Tuesday, December 10, 2013

Homeless (Excerpt)

Available now from Amazon.
August 2006
Midwest City, OK


I didn't really know my cousin Laura-Lynn. She was my aunt Louise's only child, but had moved away by the time I was born. She blew through town a few times when I was a kid, but I hadn't seen her in years. She moved back to Oklahoma shortly before she died, but didn't tell anyone in the family. I only went to the funeral because my dad threw out his back loading bags of fertilizer into the truck and Mom wanted me to drive her.

I did notice an unfamiliar man, standing well away from the rest of the assembled at the graveside service. He was older, tall, but slouched, his shoulders hunched. His clothes were rumpled and creased, as was his face, but there was still something about both that said “wealthy.” Maybe it was the deep black Mercedes he was leaning against. His eyes were hidden by equally dark sunglasses, but mine weren't and I had to look away when he noticed me staring. It's amazing how many details your mind can capture in an instant: Charcoal gray sport coat over a black crew neck sweater. Tan slacks. Black belt and shoes, good leather and well made. Hands in pockets, like a guilty school boy. Slim build, but with the soft start of a belly. Hair gone gray, skin sun-dried leather, forehead creased. If he'd been handsome once, there was no sign of it now.

I meant to ask Mom about him after the service, but it slipped my mind in all the family hubbub. Months went by and I would've forgotten about him entirely if it hadn't been for a library book.

I was at work early one morning, getting ready to sort through the pile of stuff that had accumulated on my desk during the previous day. In addition to that mess, there was a stack of “new arrival” books sitting in my chair. Once again surrendering to the chaos that is a public library, I made myself comfortable on the floor, using my creaky wooden desk as a backrest. Hoping for fortification through caffeination, I pulled the top book off the stack to thumb through while I drank my coffee. It was at an angle, set apart from the rest – the clerk's sign that it was something to which she felt I should pay special attention.
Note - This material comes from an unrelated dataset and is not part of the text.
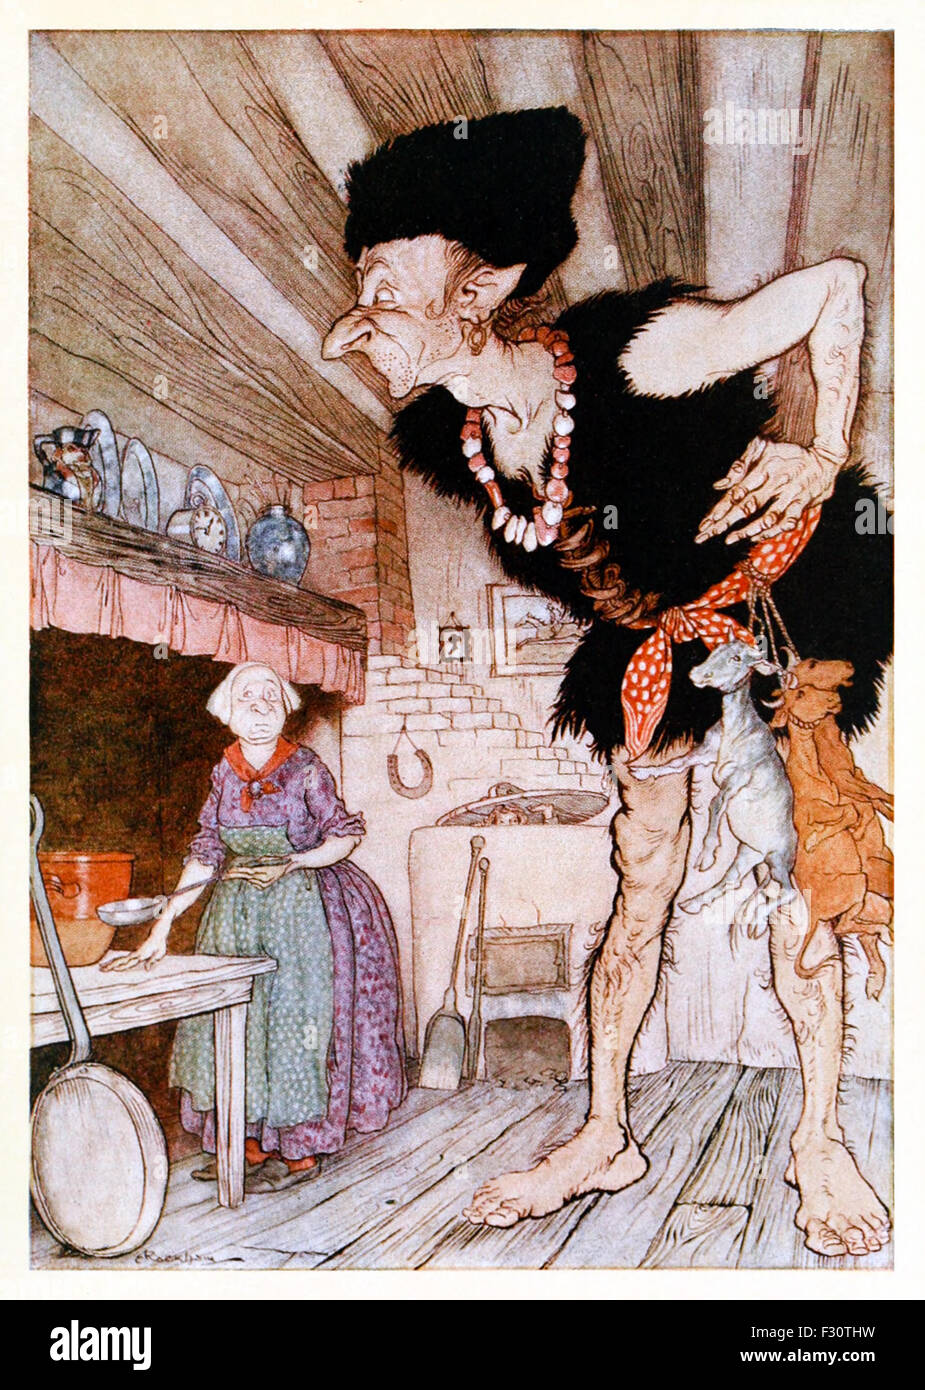 'Fee-fi-fo-fum, I smell the blood of an Englishman' from 'Jack and the Beanstalk' in 'English Fairy Tales', illustration by Arthur Rackham (1867-1939). See description for more information. Stock Photo

Red Sky Mourning (2006, Viking Press) was the latest release from “award-winning author” John Anders Erickson. I'd read all sorts of rave reviews of it. The waiting list of patrons was already two pages long and I considered the ethical implications of sneaking it home for a quick read before putting it out on the shelf. Librarian's prerogative, I figured.

Since it was not yet in circulation, it was one of the few books in the library without nerd-, Groucho-, or cat-eye sunglasses drawn over the author's photo, so it took me a moment to place him – John Anders Erickson.

Posed, lit, and probably Photoshopped, the man on the cover looked healthy and rugged, with bright blue eyes. He leaned in toward the camera seductively, cradling a meerschaum pipe, the sleeves of his white shirt rolled up to the elbow, exposing the famed mermaid tattoo on his bulging, sailor's forearm. No wonder he'd been so startled when he caught me staring at him. I couldn't believe I hadn't recognized him immediately, but I wasn't exactly expecting to see the world famous author of Vikings and Pirates: Tales of My Fathers and The Mermaid's Dirge at a family funeral in Ada, Oklahoma.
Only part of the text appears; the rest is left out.